On Oct 9, 2011, at 10:28 AM, Jim Klimov wrote:
> Hello all,
> ZFS developers have for a long time stated that ZFS is not intended,
> at least not in near term, for clustered environments (that is, having
> a pool safely imported by several nodes simultaneously). However,
> many people on forums have wished having ZFS features in clusters.
...and UFS before ZFS… I'd wager that every file system has this RFE in its
wish list :-)
> I have some ideas at least for a limited implementation of clustering
> which may be useful aat least for some areas. If it is not my fantasy
> and if it is realistic to make - this might be a good start for further
> optimisation of ZFS clustering for other uses.
> For one use-case example, I would talk about VM farms with VM
> migration. In case of shared storage, the physical hosts need only
> migrate the VM RAM without copying gigabytes of data between their
> individual storages.
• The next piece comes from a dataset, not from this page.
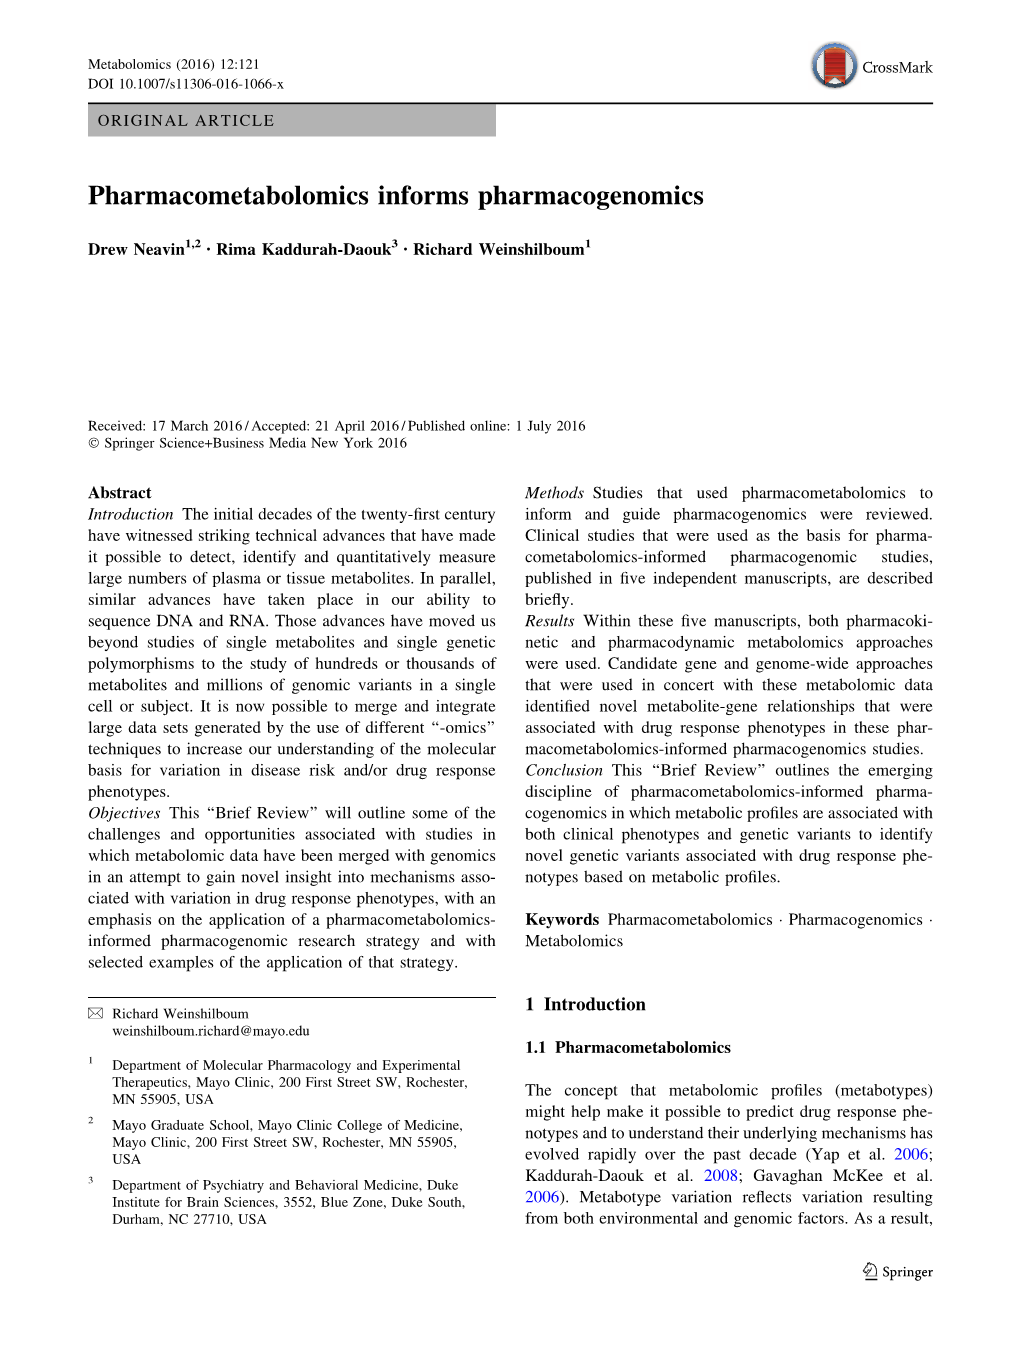 Pharmacometabolomics Informs Pharmacogenomics
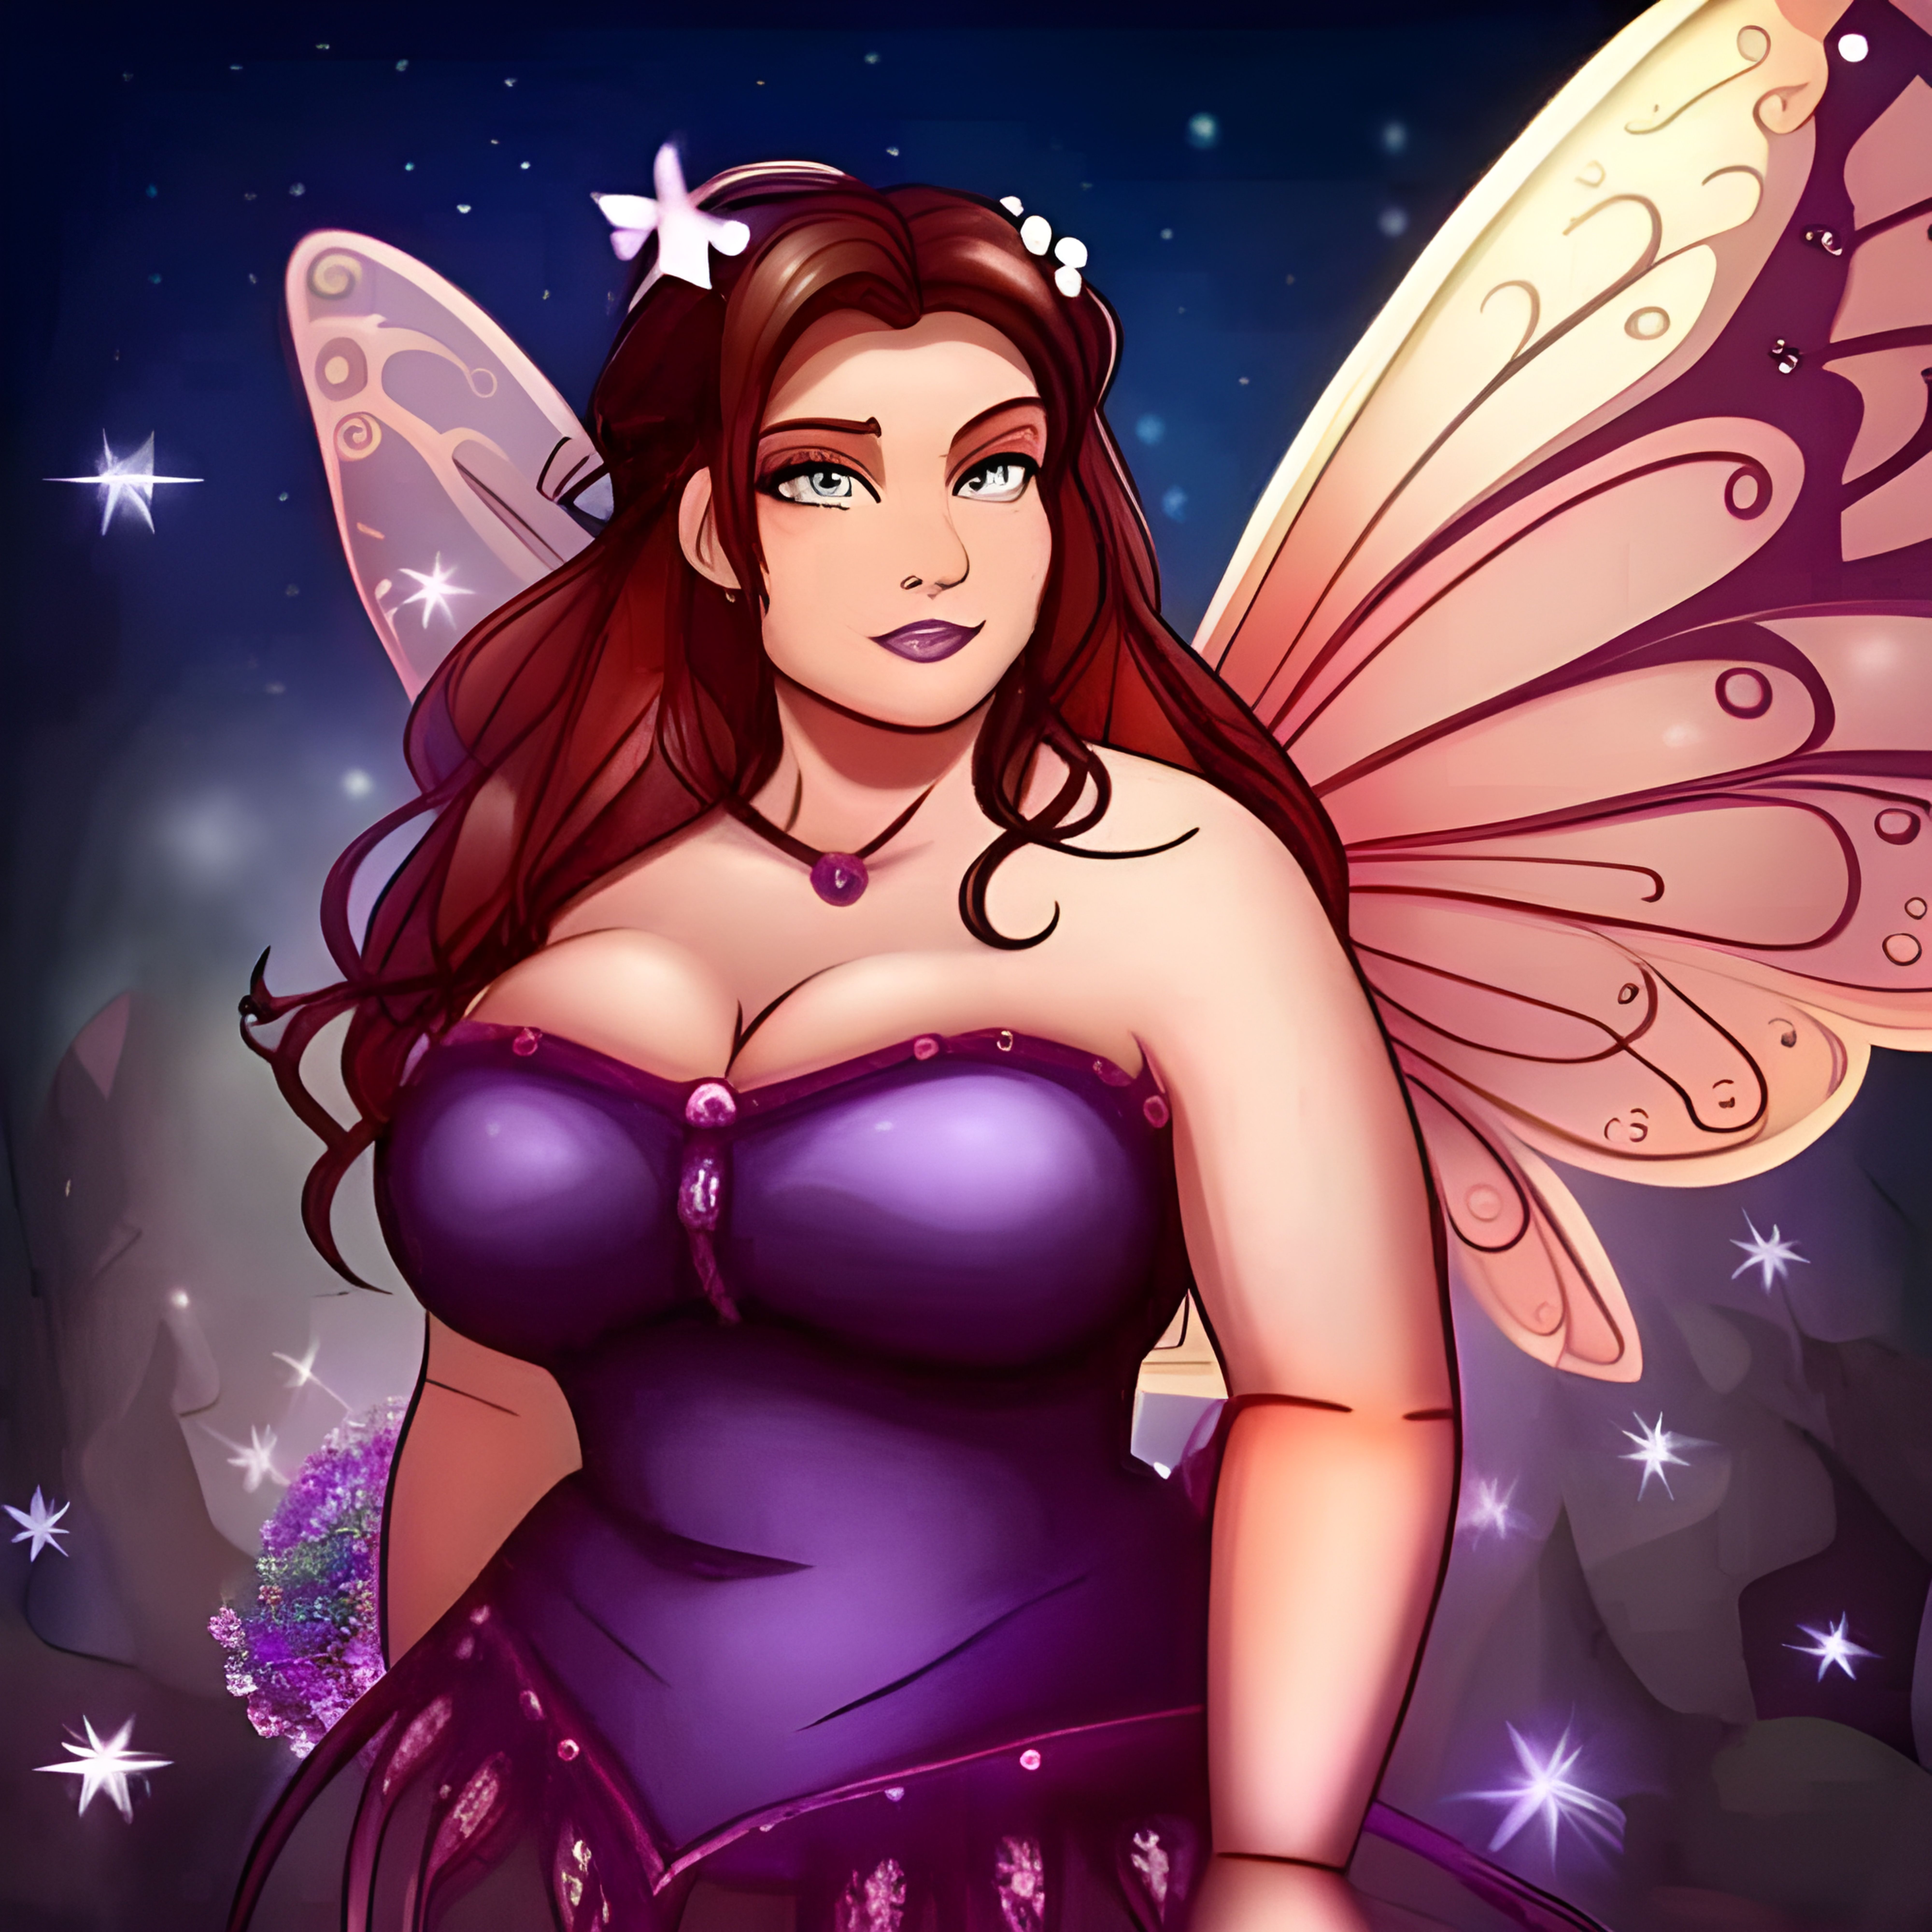 Dark Fairy - azaleasdolls.com

Such copying makes less sense when the
> hosts' storage is mounted off the same NAS/NAS box(es), because:
> * it only wastes bandwidth moving bits around the same storage, and
This is why the best solutions use snapshots… no moving of data and
you get the added benefit of shared ARC -- increasing the logical working
set size does not increase the physical working set size.
> * IP networking speed (NFS/SMB copying) may be less than that of
> dedicated storage net between the hosts and storage (SAS, FC, etc.)
Disk access is not bandwidth bound by the channel.
> * with pre-configured disk layout from one storage box into LUNs for
> several hosts, more slack space is wasted than with having a single
> pool for several hosts, all using the same "free" pool space;
...and you die by latency of metadata traffic.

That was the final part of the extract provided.